Bigboy Matlapeng

Personal information
- Nationality: Motswana
- Born: 4 February 1958 (age 68)

Sport
- Sport: Long-distance running
- Event: Marathon

= Bigboy Matlapeng =

Motswana long-distance runner

Bigboy Josie Matlapeng (born 4 February 1958) is a Motswana long-distance runner and sprinter. He competed in the marathon at the 1984 Summer Olympics and the 1988 Summer Olympics.

==Career==
Matlapeng had a marathon personal best of 2:33:34 hours going into the 1984 Olympic marathon. He was described sarcastically as a "household name" by commentators, mocking his unusual-sounding name in the "wonderfully monikered" field. He started the Olympic marathon, but did not finish the race.
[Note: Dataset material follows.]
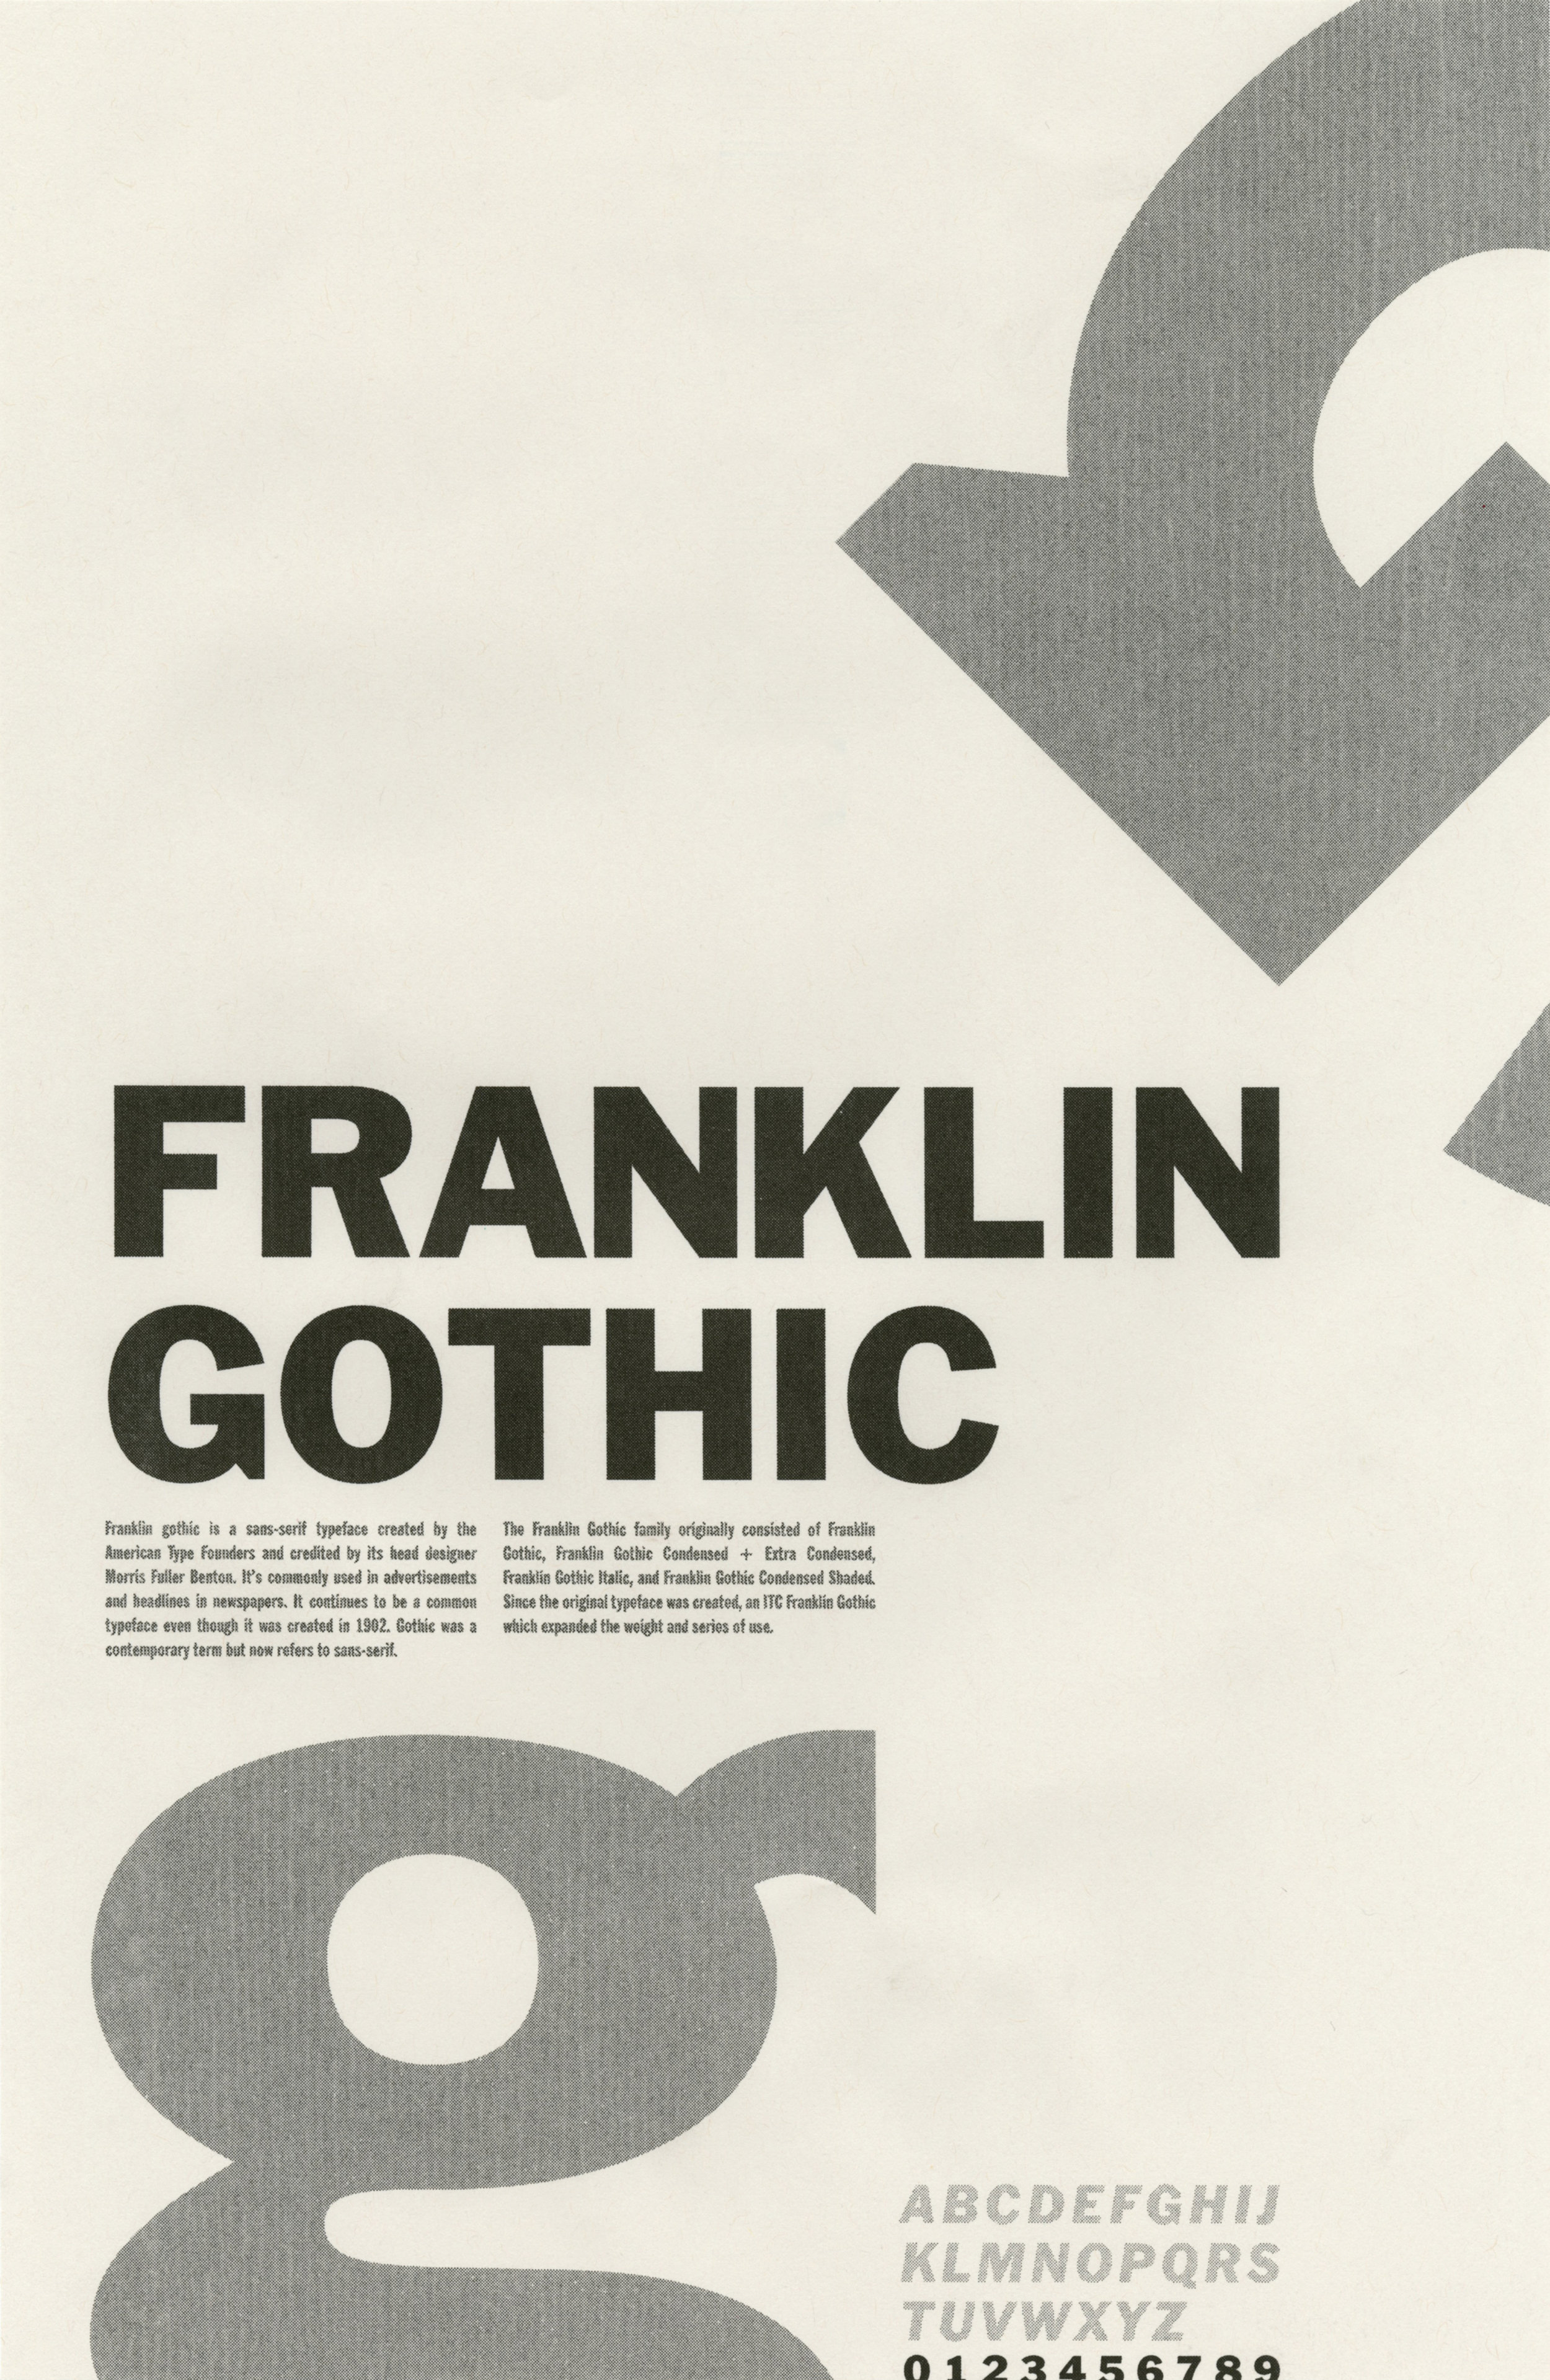 FranklinGothic.jpg

By 1986, Matlapang had improved his marathon best to 2:17:47, setting a Botswanan record and making him a favorite to break the course record at the 1986 Churchdown 10-mile Beer Race in Gloucestershire. Though he underperformed at the Beer Race, he was selected to represent Botswana at the 1986 Commonwealth Games in the marathon, where he placed 14th. Surprisingly, Matlapeng moved down in distance by a factor of over 100 times to compete in the Botswanan 4 × 400 m relay team after the marathon, though his team was disqualified and didn't advance to the finals. Matlapeng's performance in such disparate events led to debate about the seriousness of the Commonwealth Games.

Matlapeng qualified for his first World Championships at the 1987 World Championships in Athletics, where he competed in the marathon. He finished 29th in a time of 2:24:43 and was again lauded for his name. At the 1988 Olympic Games marathon, Matlapeng finished 34th in 2:20:51. He competed again at the 1990 Commonwealth Games in the marathon, finishing 14th again.

Matlapeng competed at the 1987 and 1989 editions of the World Marathon Cup, finishing 66th and 57th respectively.